OXYGEN RADICAL DETOXIFICATION ENZYMES IN DOXORUBICIN-SENSITIVE AND DOXORUBICIN-RESISTANT P388 MURINE LEUKEMIA-CELLS

Abstract

One of the proposed mechanisams for the cytotoxic effects of anthracycline compounds suggests that the effect is mediated through the formation of intracellular superoxide radicals. Possibly doxorubicin resistance is associated with increased intracellular enzyme capacity to convert these superoxide radicals to inactive metabolites. The relative activities were measured of superoxide dismutase, glutathione peroxidase, and catalase in P388 mouse leukemia cells and in a doxorubicin-resistant subline.

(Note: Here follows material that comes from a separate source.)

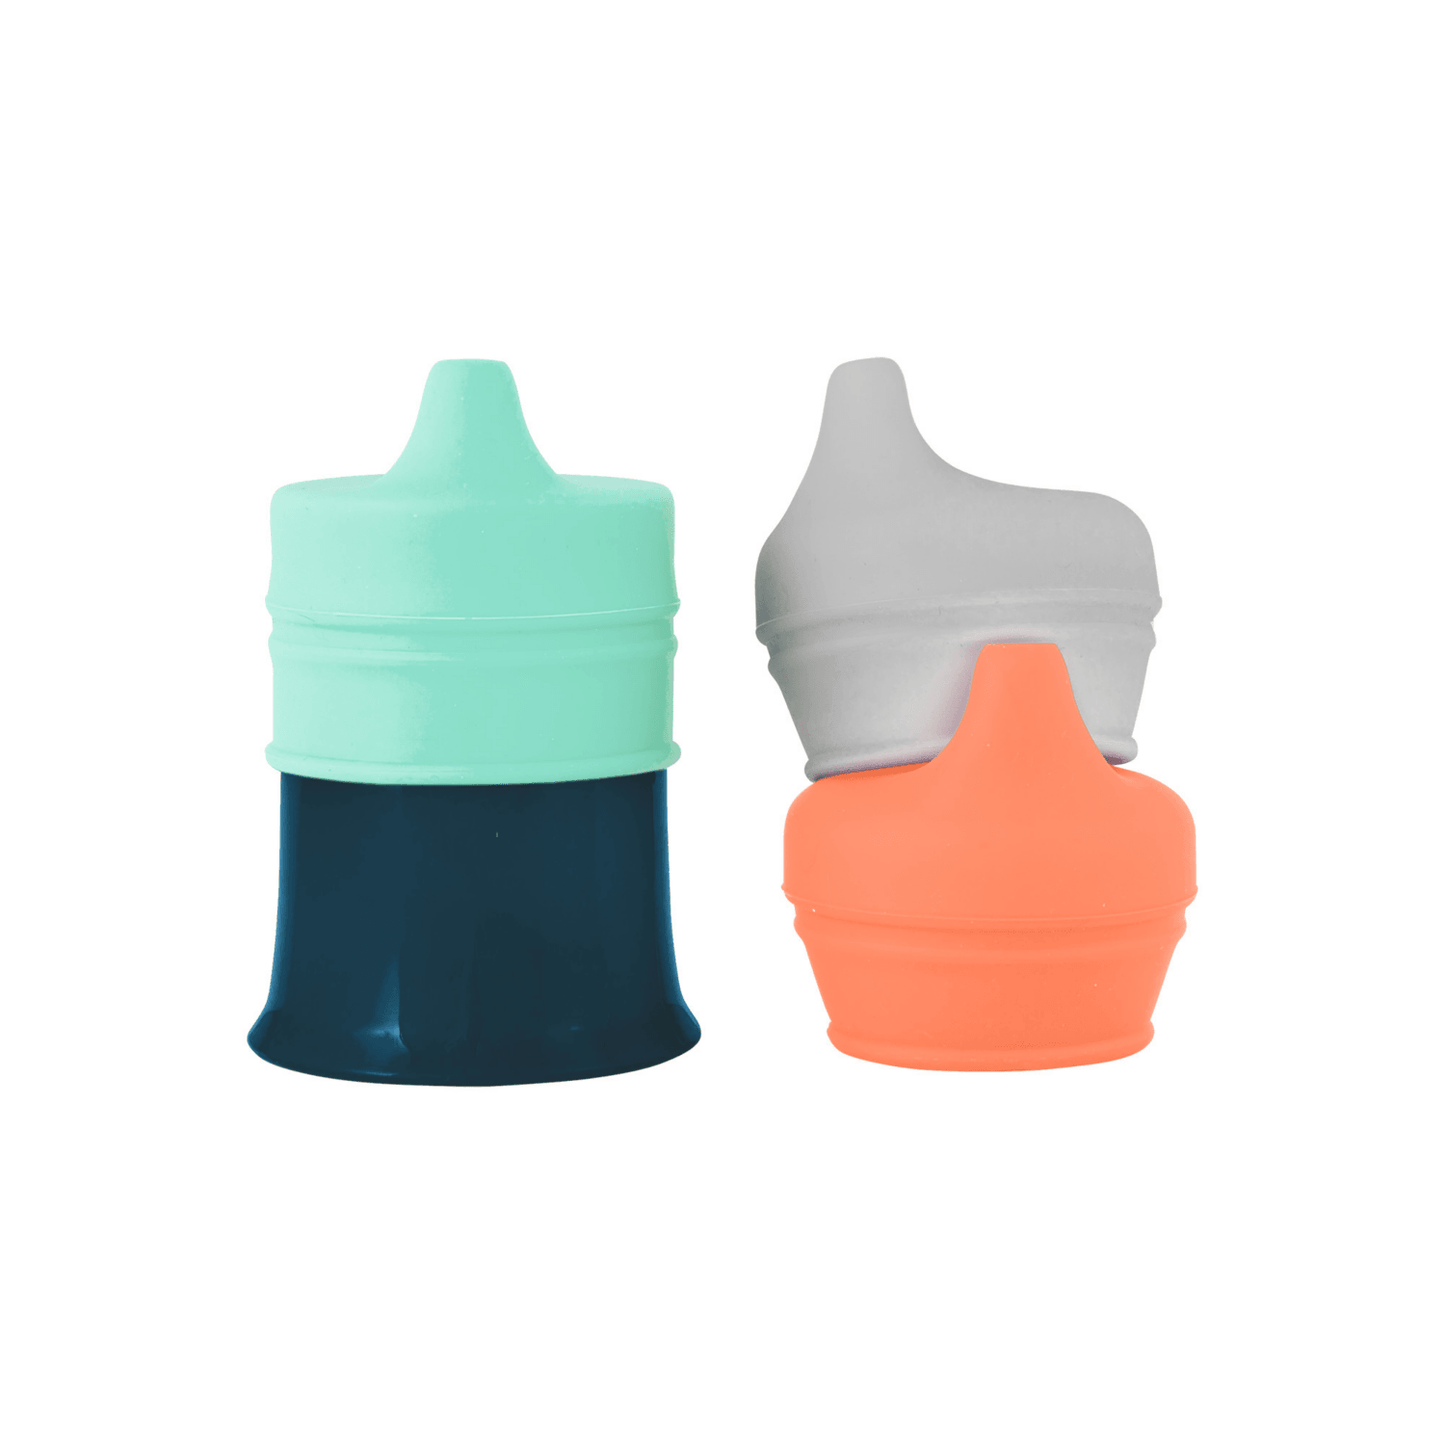 Boon SNUG Spout Universal Silicone Sippy Lids and Cup - Mint Multi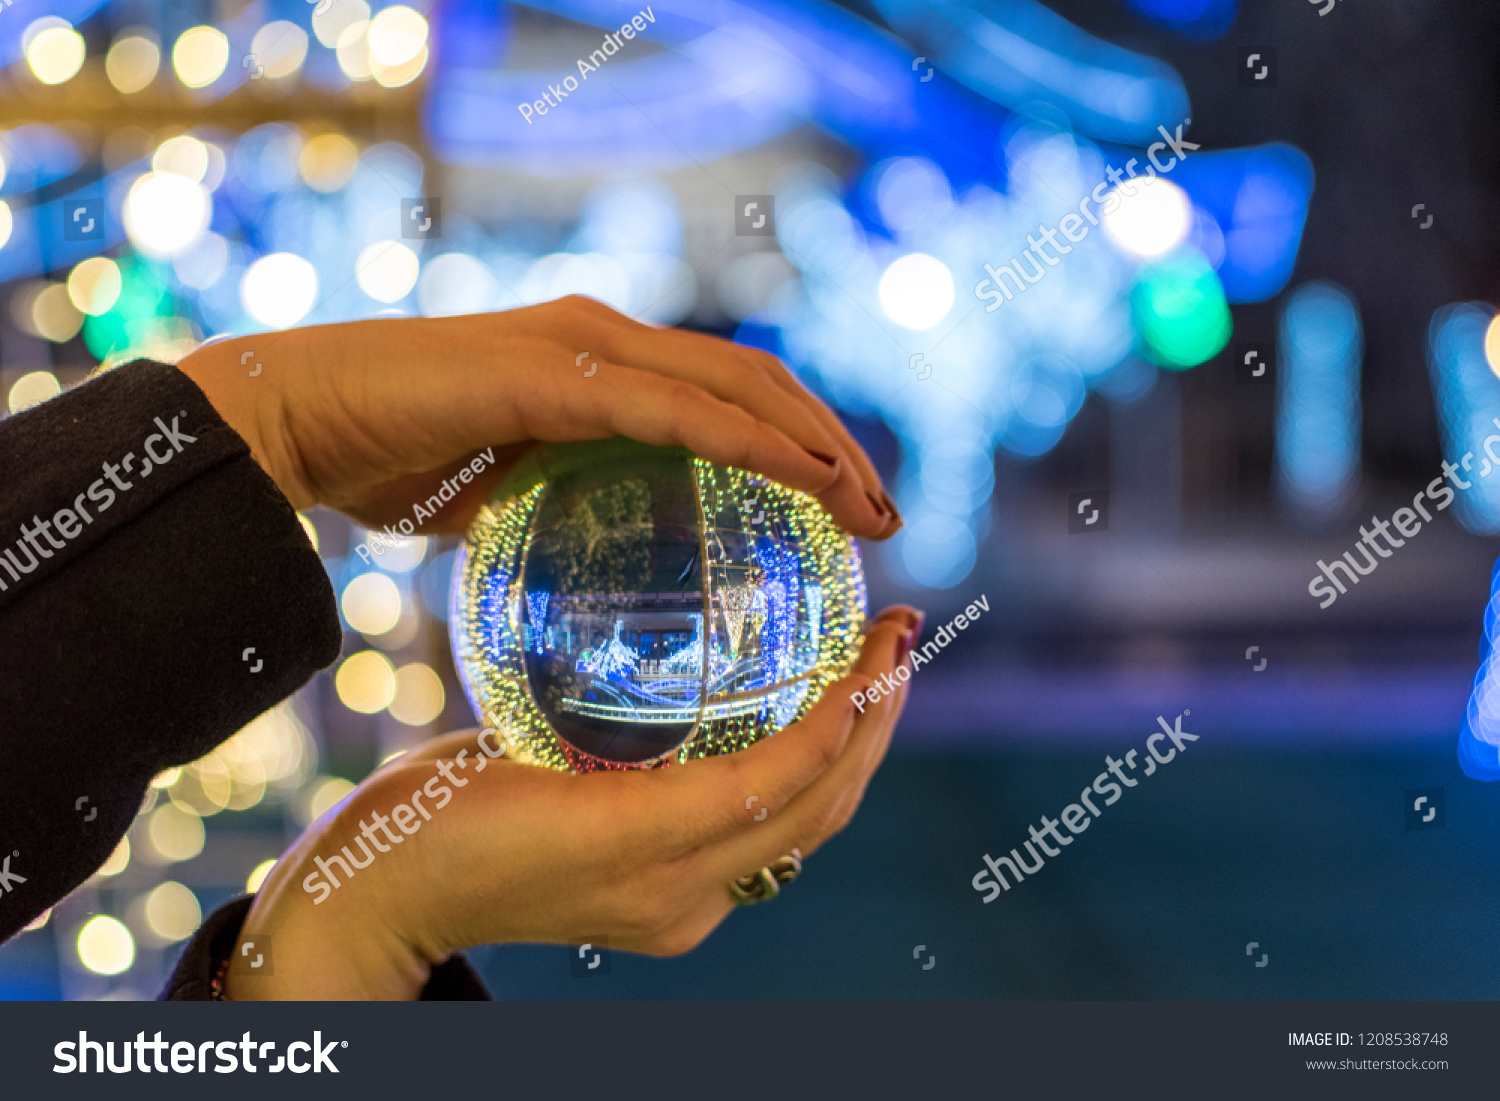 Christmas decoration caught through a glass sphere. #1208538748

Since oxygen-reactive metabolites also play a role in mediating the cytotoxicity of ionizing radiation, the radiosensitivity of both cell lines was also studied. No significant differences in superoxide dismutase activity between these cell lines was observed, indicating that they have a similar capacity to convert superoxide anion radicals to H2O2. P388 cells that are resistant to doxorubicin have 1.5 times the glutathione content and 1.5 times the activity of glutathione peroxidase measured in drug-sensitive P388 cells. However, incubation with 1-chloro-2,4-dinitrobenzene, which covalently binds glutathione, had no effect on the sensitivity of either cell line to doxorubicin. Measured catalase activity in drug-resistant P388 cells was 1/3 of the activity measured in doxorubicin-sensitive P388 cells. The activity of this enzyme was much higher than that of glutathione peroxidase in terms of H2O2 deactivation in both cell lines. It is therefore unlikely that doxorubicin-resistant P388 cells have an increased ability to detoxify reactive oxygen metabolites when compared to drug-sensitive cells. Doxorubicin-resistant P388 cells were significantly more sensitive to X-irradiation than were drug-sensitive P388 cells. Possibly, the difference in catalase activity in these cell lines may be associated with the observed differences in radiosensitivity.